The Marcellus Shales are a rock formation that lies about a mile underneath central and northern Appalachia. These rocks contain a significant supply of natural gas that previously was uneconomical to mine but due to the combination of better bits and horizontal drilling, the price to drill for the gas has gone down significantly.
The Shales are important politically because Pennsylvania is depending on new revenue to balance the budget. The new revenue will come from a combination of extraction taxes and the lease of state land for drilling and exploration. Other local government entities, including the Allegheny County Airport Authority, have attempted to make money off of the Marcellus Shales through leasing and extraction agreements as well.
Not a bad idea, although with the current collapse in natural gas prices, projections that were developped in 2007 and 2008 are probably a bit optimistic. Not a surprise, but not a fatal flaw. However, Pro-publica is raising some questions about the long term profitability of the shales as waste products are coming up and out much nastier than anticipated in New York State.
As New York gears up for a massive expansion of gas drilling in the Marcellus Shale, state officials have made a potentially troubling discovery about the wastewater created by the process: It's radioactive. And they have yet to say how they'll deal with it.

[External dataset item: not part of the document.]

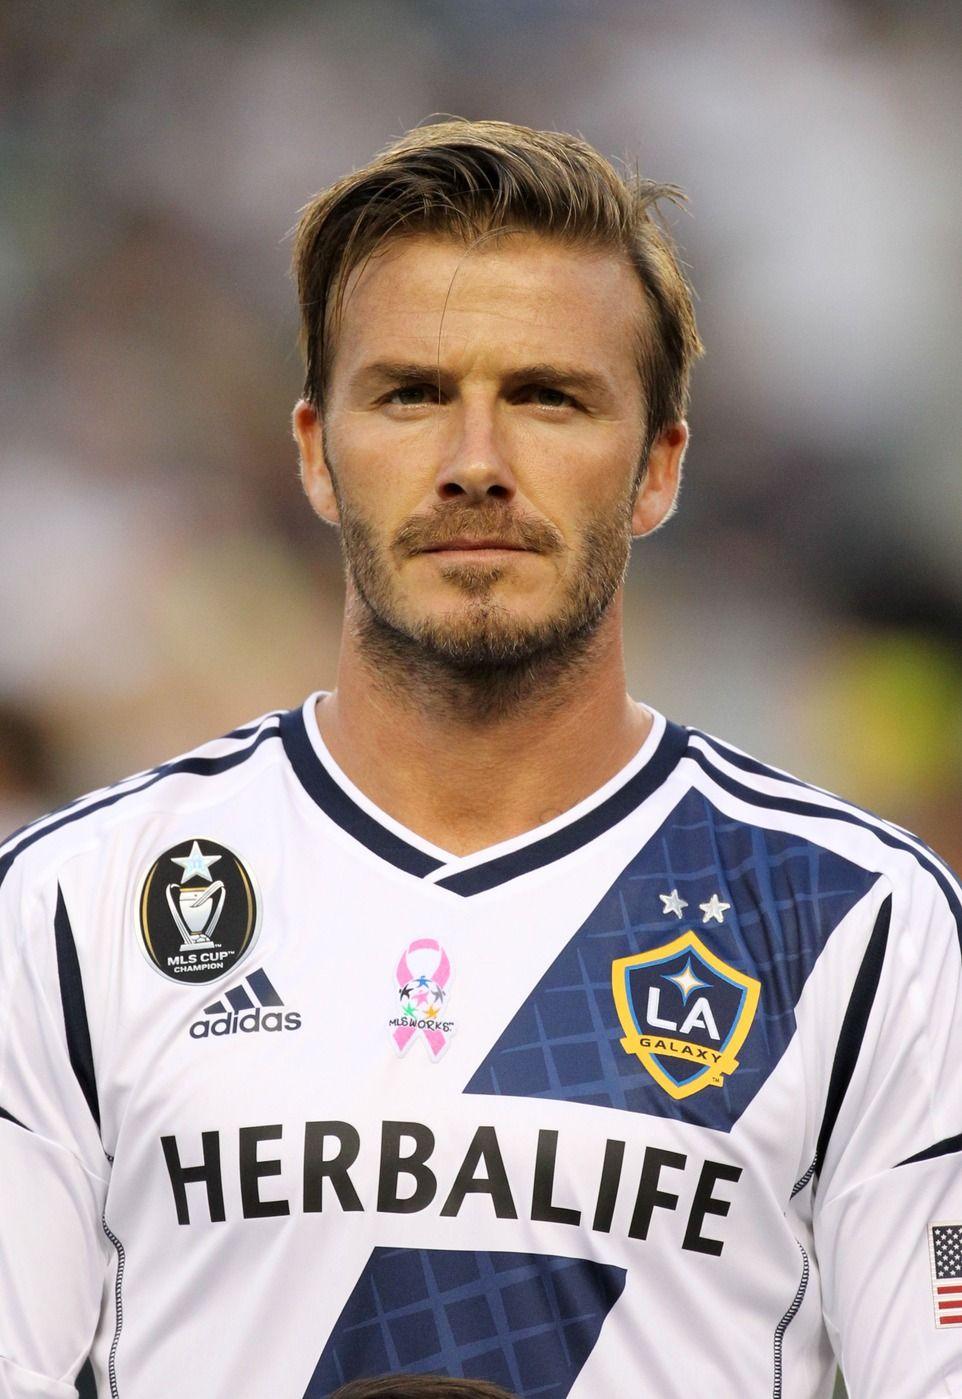 david beckham playing soccer - Google Search  7b49f0d7f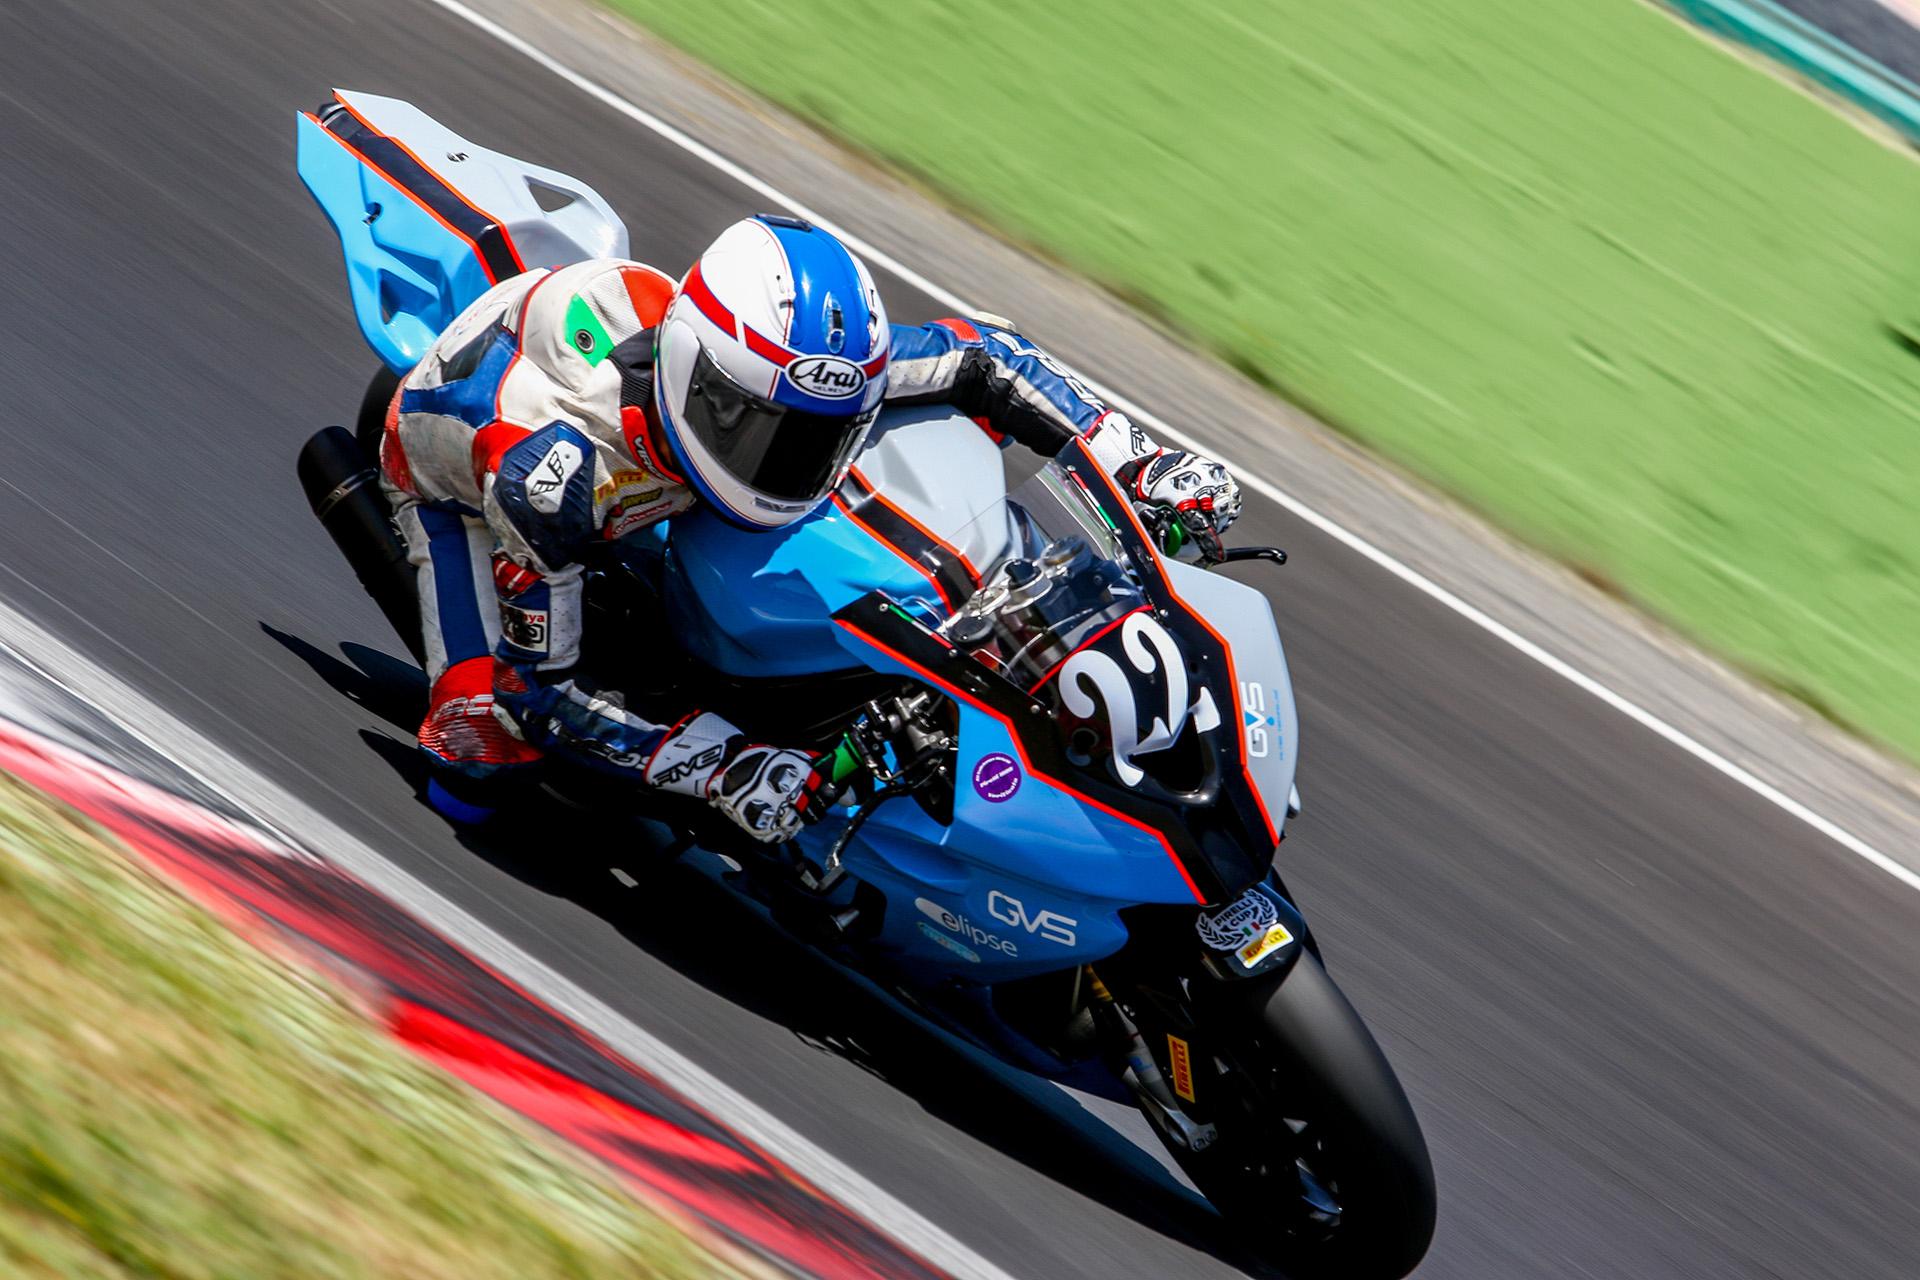 Circuito Vallelunga : Italia naked vascon riparte da vallelunga motorsport fvg

The information comes from New York's Department of Environmental Conservation, which analyzed 13 samples of wastewater brought thousands of feet to the surface from drilling and found that they contain levels of radium-226, a derivative of uranium, as high as 267 times the limit safe for discharge into the environment and thousands of times the limit safe for people to drink.
The radium and radon levels discussed in the article are mainly found in the waste water that is generated from fracking (fracturing) the rocks to release the natural gas. If the waste water is treated or reinjected, the danger is minimized . However Pennsylvania has had problems with fracking water in Marcellus Shales exploration and exploitation. Forbes has more from earlier ths fall:
Last week the Pennsylvania Department of Environmental Protection shut down some operations of natural gas driller Cabot Oil & Gas after 8,000 gallons of toxic chemicals were spilled on the ground and into a creek in Susquehanna County....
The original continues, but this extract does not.